SAN ANTONIO – Two petitions by a group named Fix SAPD are circulating in an effort to repeal local laws that provide protections for police officers under investigation, protections that some claim enable police misconduct.
San Antonio female activist pushes for local repeal of laws that are seen as helping shield bad cops
“There is lack of accountability in our police system, and that’s what’s causing all these issues,” said Oji Martin, founder of Fix SAPD.
Martin said she reached her tipping point after the death of George Floyd in Minnesota and after watching the KSAT special titled Broken Blue. The special found that between 2010 and 2019, two-thirds of SAPD officers who were fired ended up getting their jobs back.
“Allowing bad police officers to still wear that badge and still wear that uniform is actually a disservice to good police officers,” Martin said.
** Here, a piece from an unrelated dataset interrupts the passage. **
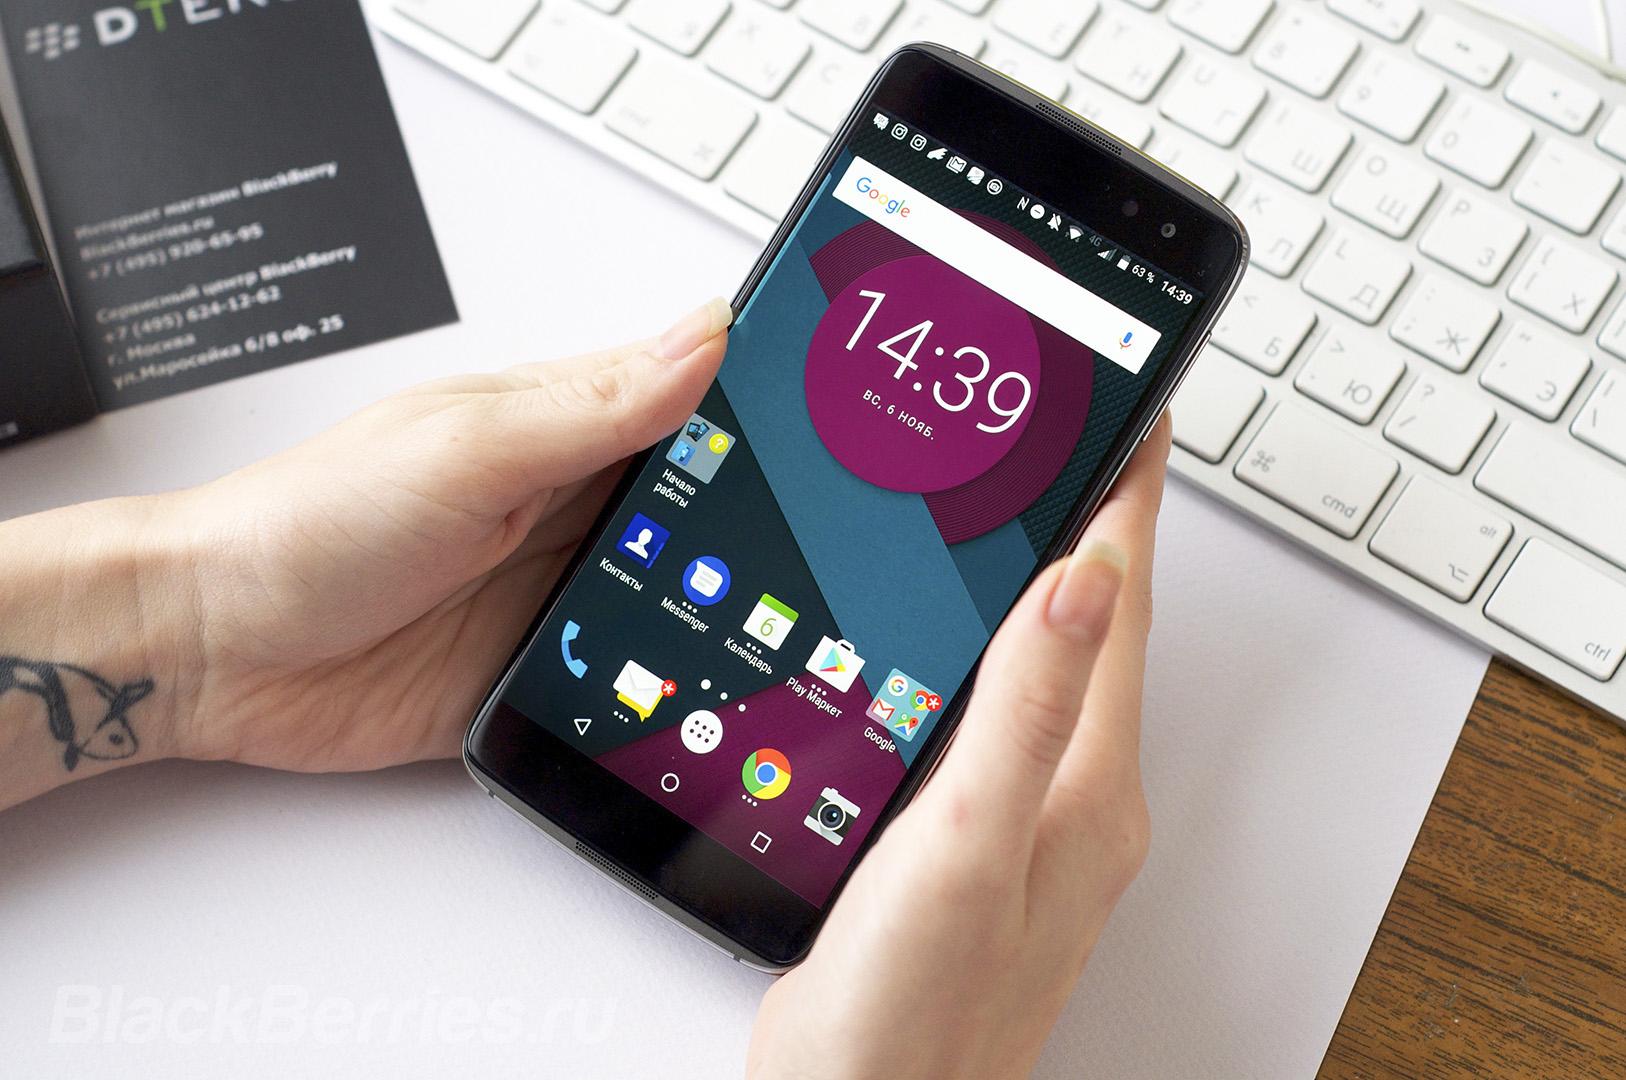 blackberry-dtek60-review-13
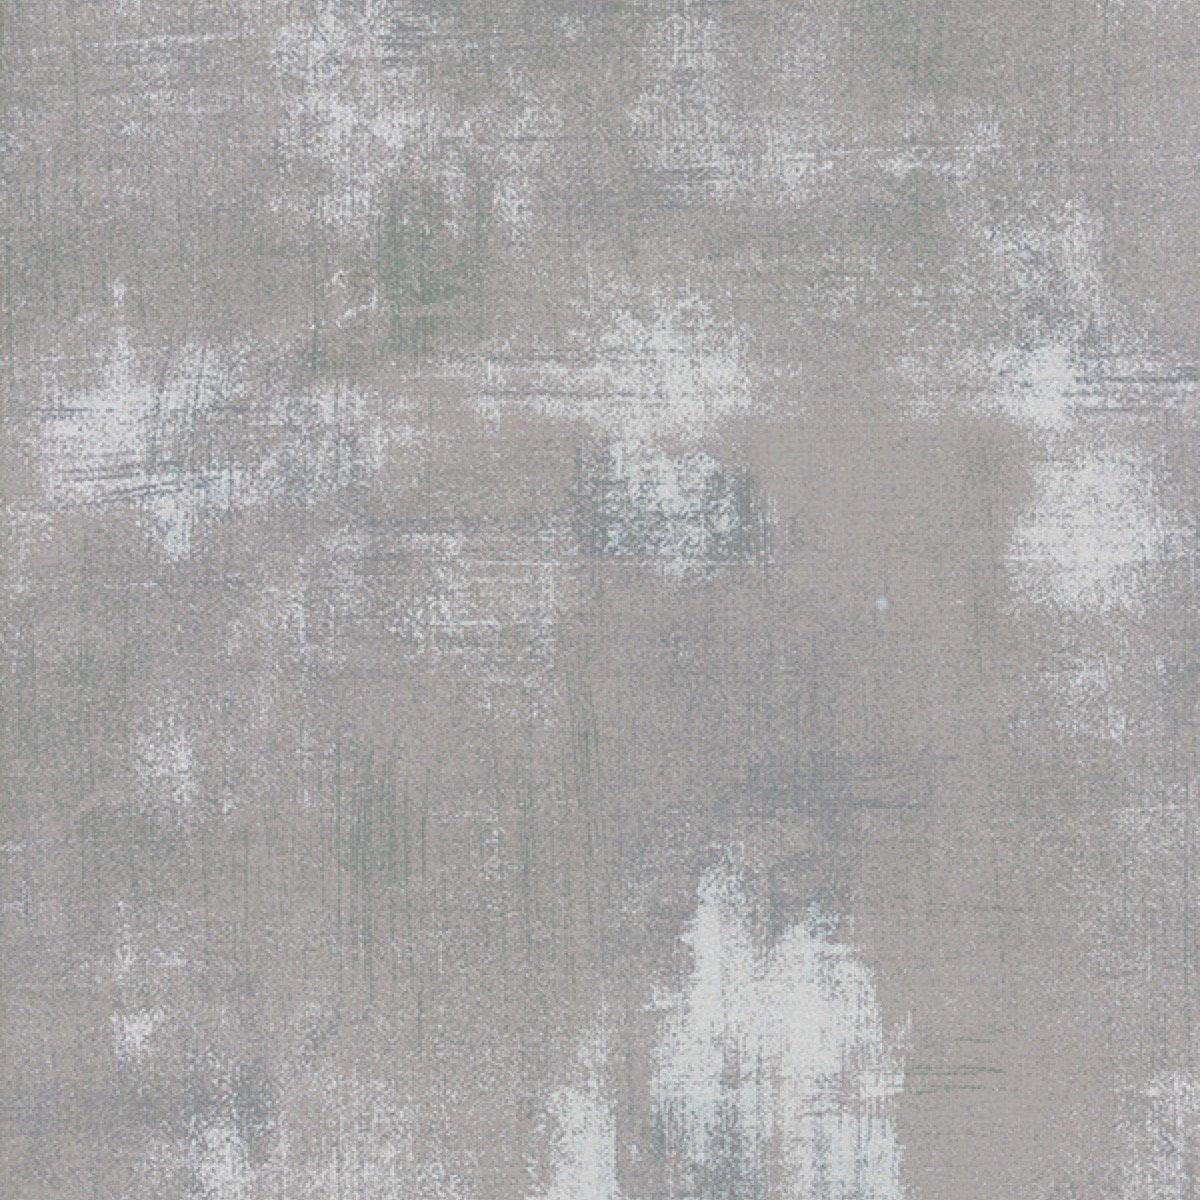 Moda Fabrics Grunge Texture New Colors 2017~ Silver  Cotton Fabric

On Tuesday, Fix SAPD launched two petitions to repeal two local government codes -- 143, which gives officers certain protections when they are under investigation and the right to appeal any termination though an independent arbitrator, and 174, which allows for a collective bargaining agreement similar to a union contract.
“It’s actually sad because a lot of these issues we can resolve at the negotiating table,” said Mike Helle, president of the San Antonio Police Officers Association.
Helle said he welcomes dialogue on ways to improve police and community relations. But he claims repealing the codes could have a detrimental impact on public safety because many officers would quit.
“If you remove the contract and you remove the pay and benefits, then they’re actually taking a massive pay cut,” Helle said.
Martin said repealing the codes doesn’t take away the police union’s ability to negotiate police salaries and pointed out that the government codes don’t protect airport police and park police. She said she feels the only SAPD officers who would quit are the ones with bad intentions.
“Call the city of Dallas, call the city of McKinney, Texas. They do not have (codes) 143 and 174. And I have yet to hear of officers going on strike,” Martin said.
The petitions will have to have tens of thousands of signatures, and only then will the possible repeals be put before San Antonio voters in the May 2021 election. In the meantime, Gov. Greg Abbott announced Wednesday that he’s calling on all candidates to pledge against any police budget cuts.